DO ENVIADO ESPECIAL A DAVOS

O encontro anual 2008 do Fórum Econômico Mundial termina da mesma maneira que começou: com seus participantes na mais completa escuridão a respeito do tamanho da "besta", a palavra que o economista da OCDE Javier Santiso usou para designar a crise nos mercados financeiros.
Dá até para dizer que não apenas Davos, mas o mundo só tem uma certeza: não há a menor certeza.
Afinal, o público de Davos é composto pelos executivos das mais portentosas multinacionais, pelos acadêmicos (economistas em especial) das mais lustrosas grifes acadêmicas do planeta e por representantes governamentais de peso.
É sintomático que, em conversas que a Folha teve ontem com três funcionários internacionais, todos com vastíssima experiência em postos de governo em seus países ou no mundo, todos tenham dito, separadamente, a mesma coisa: antes de qualquer análise sobre os desdobramentos, é preciso saber qual é o tamanho do problema no sistema financeiro.
Foram Robert Zoellick, presidente do Banco Mundial, ex-chefe do comércio internacional dos Estados Unidos, ex-segundo do Departamento norte-americano de Estado; Pascal Lamy, ex-comissário europeu para o Comércio, hoje diretor-geral da Organização Mundial de Comércio; e Joaquín Almunia, duas vezes ministro na Espanha, hoje comissário europeu para Assuntos Econômicos e Monetários.
De certa forma, são instituições que gerenciam a globalização, exatamente o fenômeno que está na origem da presente crise, na medida em que a interconexão de mercados financeiros propaga rapidamente movimentos frenéticos de um para outro.
Tanto é assim que o primeiro-ministro britânico, Gordon Brown, diz que "são momentos de teste para a globalização". E deixa claro que a resposta global deve incluir "mais globalização, não menos", uma fuga para a frente preventiva ante a perspectiva de que a crise torne mais audíveis os gritos por protecionismo, abafados nos anos recentes pelo predomínio do liberalismo.
Pascal Lamy também tem sua sugestão para fugir para a frente, mas é de outra natureza: voltar a dar ênfase "à velha e boa economia da produção", em alusão ao predomínio do capitalismo financeiro na era da globalização.
Ele é o primeiro a admitir que metade dos economistas com os quais conversa diz que a crise é séria, mas a outra metade diz que não é. "Não sei", conforma-se.
Além de perplexidade generalizada, a crise fez ressuscitar o fantasma da inflação, que parecia ter uma estaca cravada no coração.
Almunia conta que, mais que a inflação, o que está aumentando na Europa, é a percepção de alta de preços, porque ela se dá basicamente em alimentos, o que provoca imediata reação do público.

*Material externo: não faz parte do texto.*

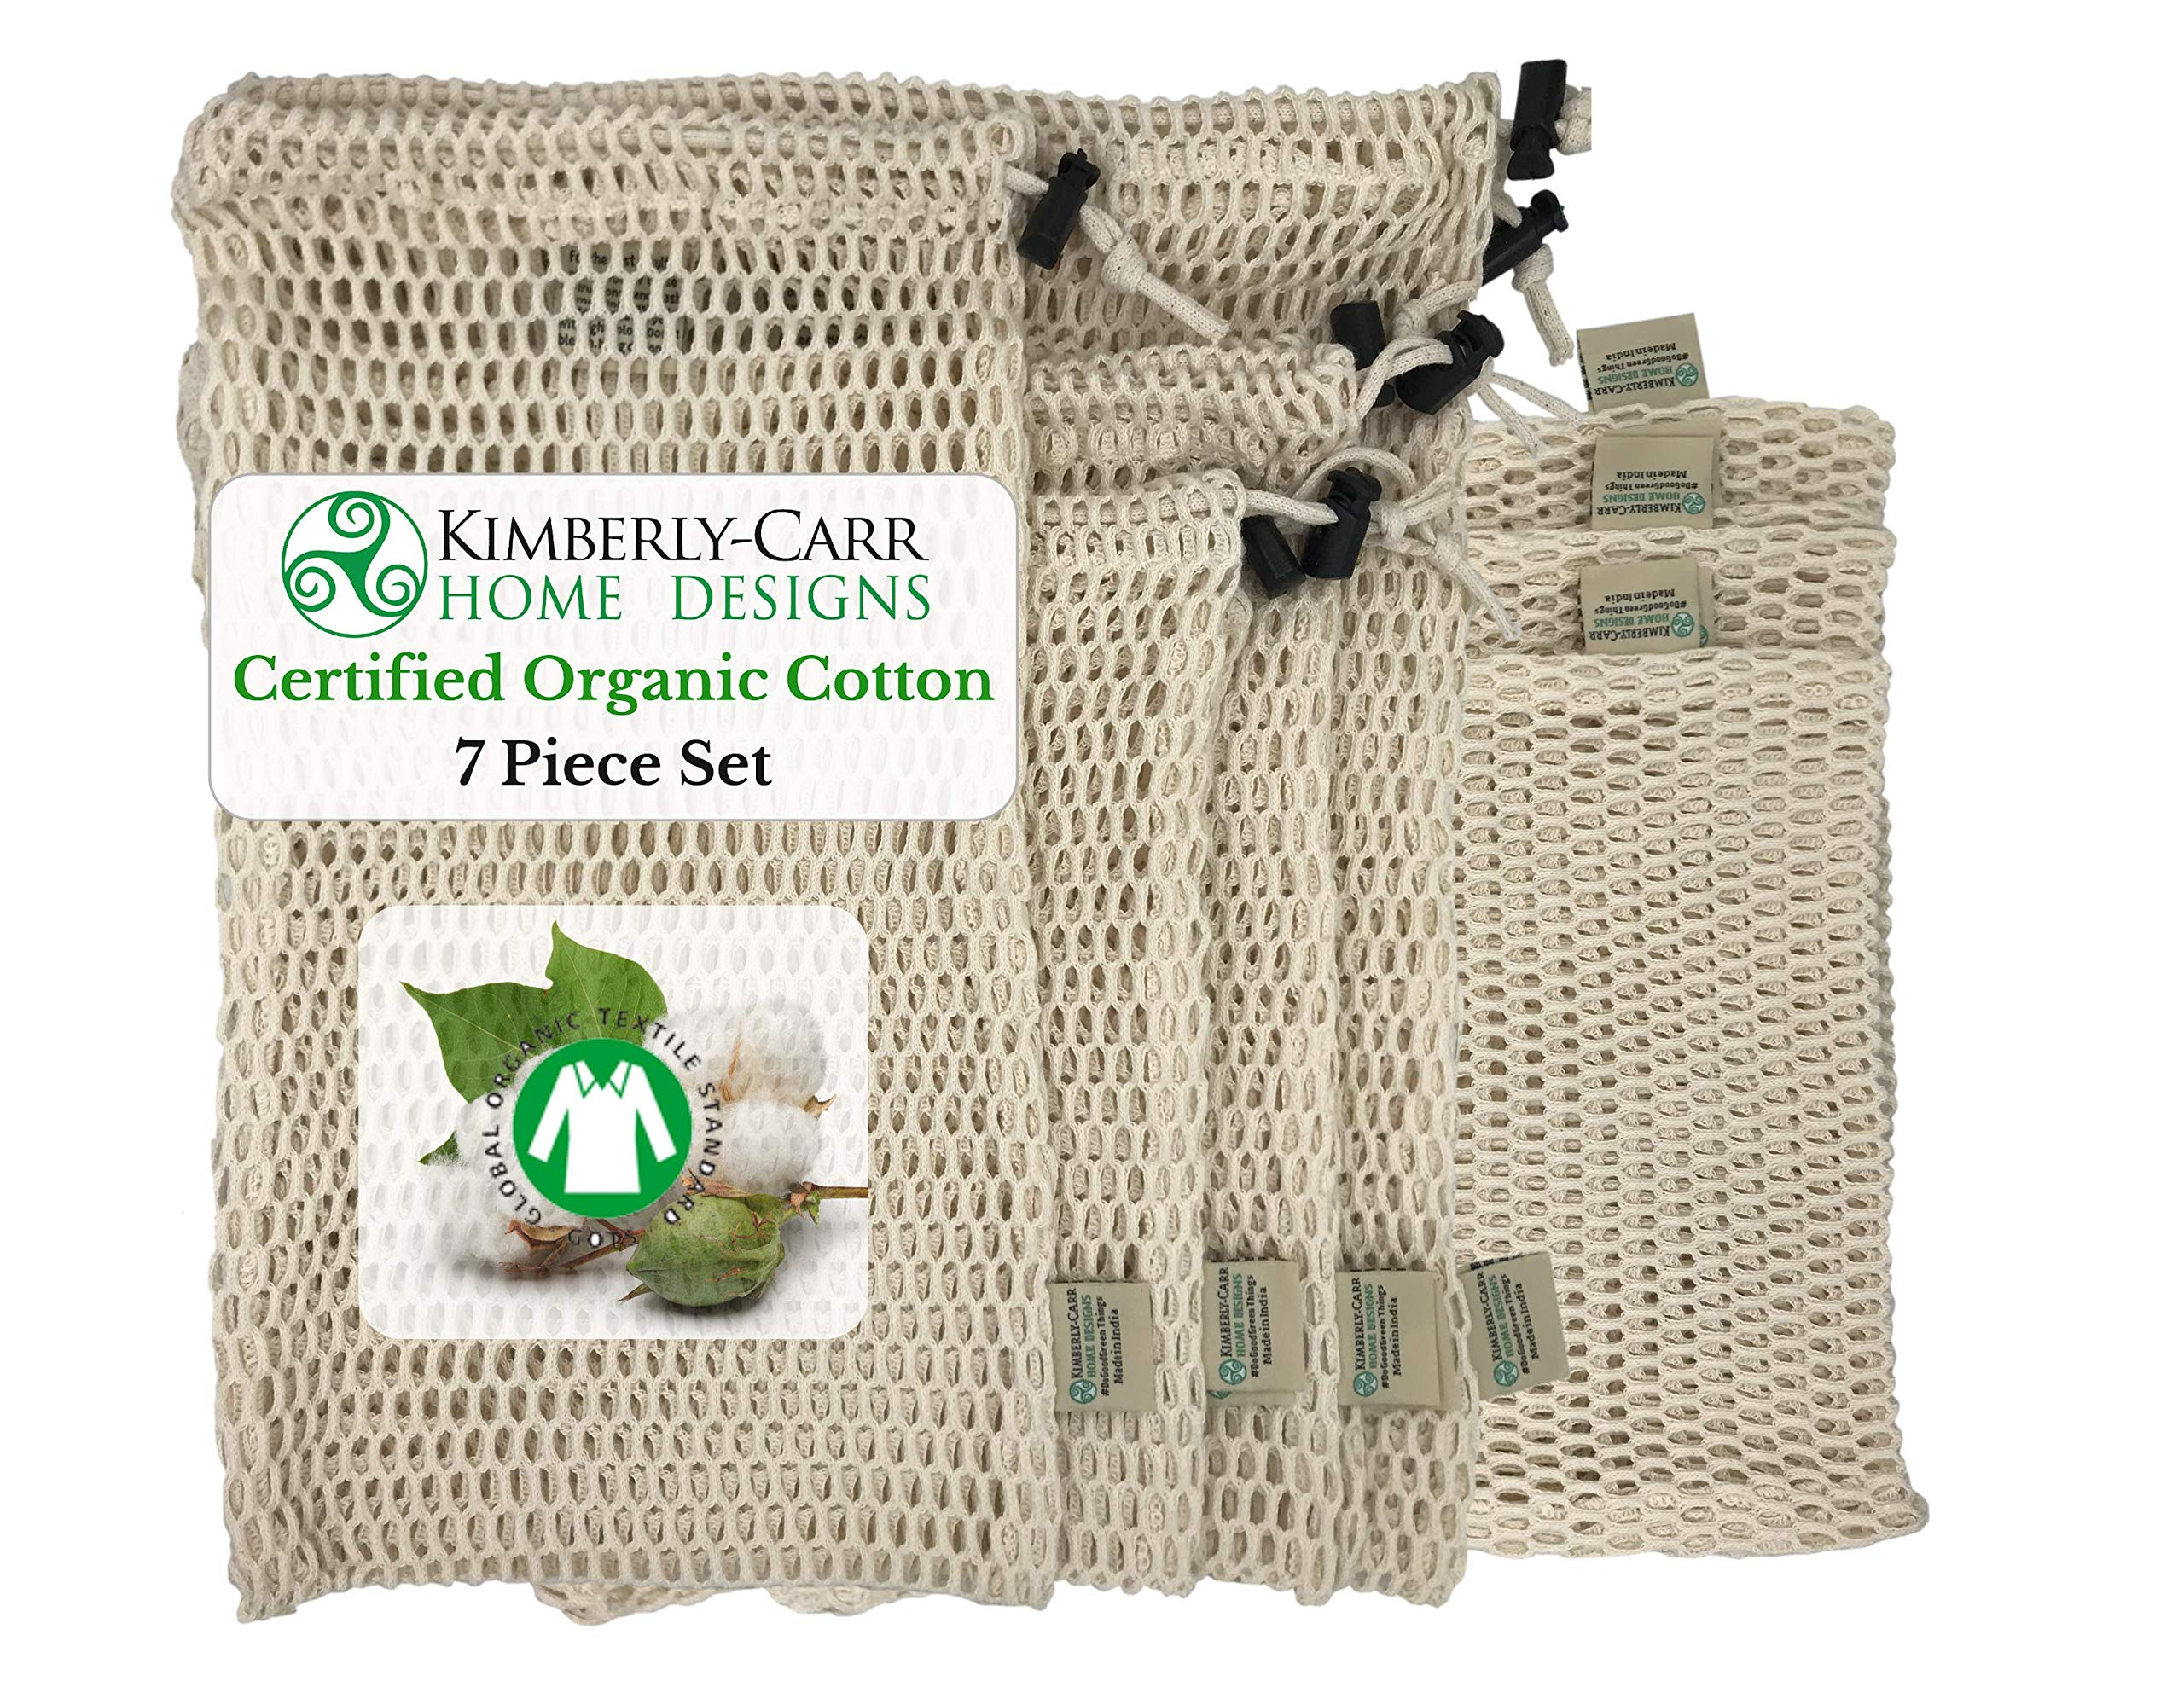 ZERO WASTE ORGANIC COTTON MESH REUSABLE PRODUCE BAG SET   Premium Washable Bags for Fresh Fruits & Vegetables   Compostable, Biodegradable   Sustainable Alternative to Plastic Bags   4 Sizes   7 Bags

É, de resto, o caso do Brasil, em que a inflação geral não chega a 5% ao ano, mas os alimentos subiram o dobro dessa cifra no ano passado.
Gordon Brown também expressou sua preocupação com a alta de preços de alimentos, ao dizer que ela "pode varrer todos os progressos recentes da África".
O norte-americano Robert Zoellick reforça: são os mais pobres que mais sentem o problema, já que a maior parte de sua pouca renda é justamente para comprar alimentos.
O que as autoridades podem fazer para evitar que a crise se agrave e contamine a economia real, ainda relativamente poupada?
Não parece muito. O espanhol Joaquín Almunia conta que os supervisores de todos os países ricos estão fazendo as respectivas auditorias para ver o que de fato aconteceu no sistema financeiro.
Deveriam trocar amplamente as informações, mas "alguns dados nacionais os supervisores preferem segurar para eles próprios", diz o comissário. (CR)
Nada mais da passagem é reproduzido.